The messaging businesses have yet to bring Facebook much in the way of revenue. What that means for ad sales remains to be seen. “The big question I have is how advertising will fit into this new privacy-focused vision,” said Debra Aho Williamson, principal analyst at market research firm eMarketer.

But Stan Chudnovsky, vice-president of Facebook’s Messenger service said that changes to the apps will eventually pay off. “If people are there and businesses are there, then there’s going to be a bunch of monetization opportunities that we’re not even thinking about,” he said.

Increasingly, analysts believe Facebook’s new strategy is to eventually build a one-stop-shopping platform that can emulate WeChat, the enormously successful messaging app used by more than a billion people in China to send messages, pay bills, book flights and even file legal paperwork.

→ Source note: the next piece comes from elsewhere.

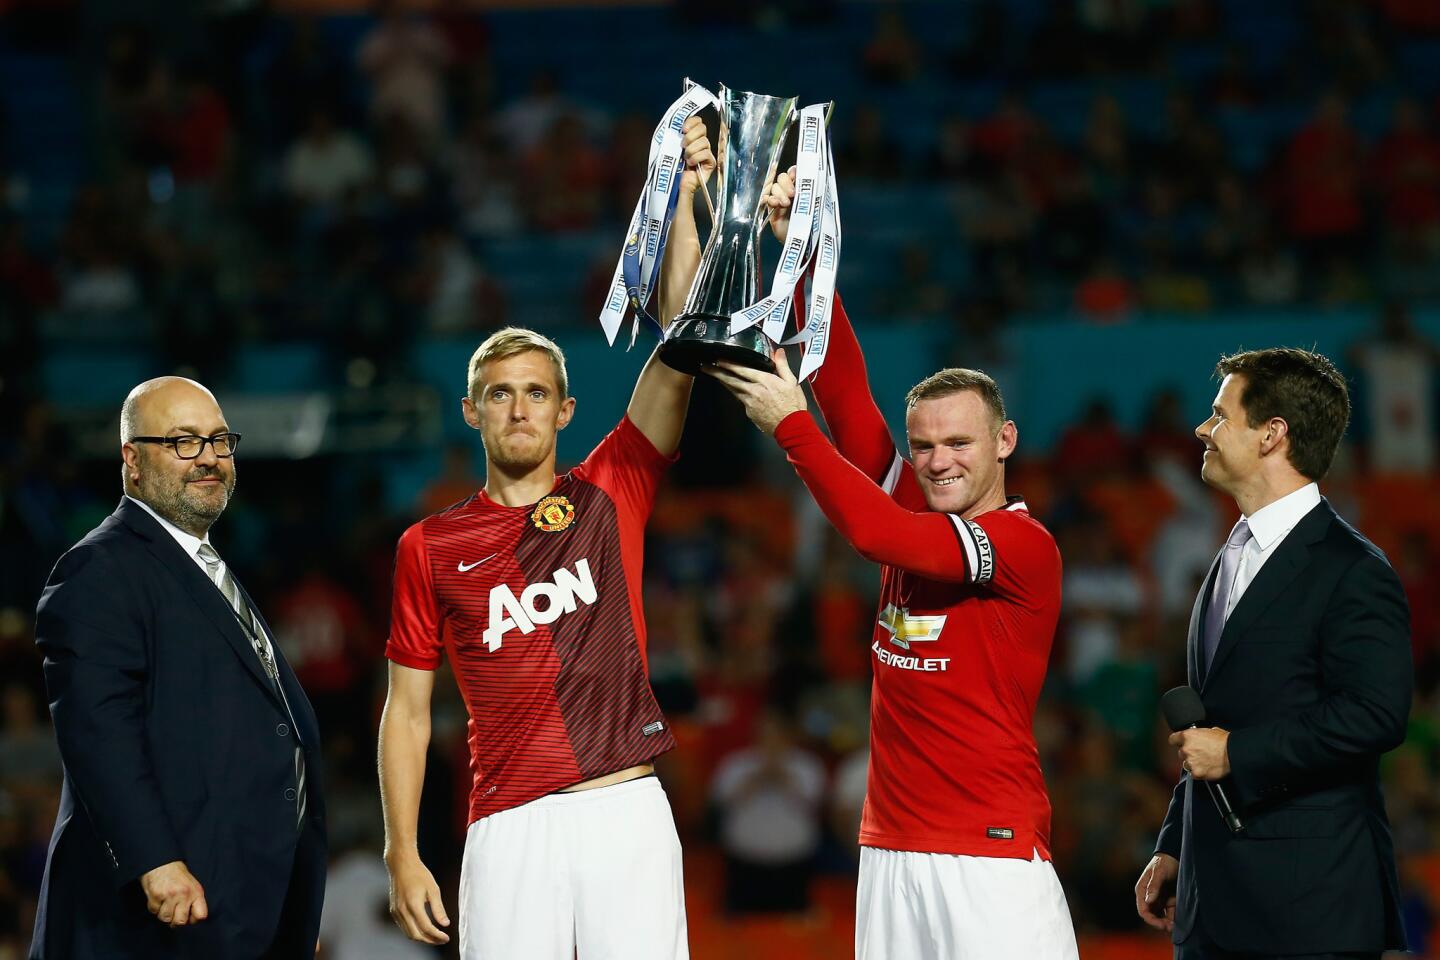 MIAMI GARDENS, FL - AUGUST 04: (L) Darren Fletcher #24 of Manchester United and (R) Wayne Rooney #10 of Manchester United lift the trophy following their 3-1 vicotory over Liverpool in the Guinness International Champions Cup 2014 Final at Sun Life Stadium on August 4, 2014 in Miami Gardens, Florida. (Photo by Chris Trotman/Getty Images) ORG XMIT: 479915401

But Facebook is likely to encounter regulatory hurdles that Tencent Holdings Ltd., WeChat’s parent company, doesn’t have to deal with as a social-media monopoly within China.

Facebook operates under a patchwork of differing privacy and antitrust regulations in hundreds of countries, some of them increasingly suspicious of Facebook’s increasing power. “I think there is this insurmountable regulation looming above them that won’t allow them to build out that entire experience,” Forrester’s Ms. Liu said.

That is seen as one of the reasons why Mr. Zuckerberg recently published an essay in The Washington Post calling for a lawmakers to create “a globally harmonized framework” of regulations for technology companies.

Facebook still has to work out several unresolved issues before making many of Mr. Zuckerberg’s planned changes.

Thorny details, such as how data will be shared among the three messaging apps and what that will mean for user’s privacy, still have to be figured out. And there are lingering questions about how the company will be able to detect and stop criminal behaviour and the spread of misinformation or hate speech inside its messaging apps once they’re encrypted.

Facebook plans to spend the next year consulting with privacy experts, governments and law-enforcement agencies about how to responsibly implement the changes, Mr. Chudnovsky said. “All of those are complicated and complex questions,” he said. “That’s exactly when we go and say we actually don’t know all the answers right now and that’s why it’s going to take a while.”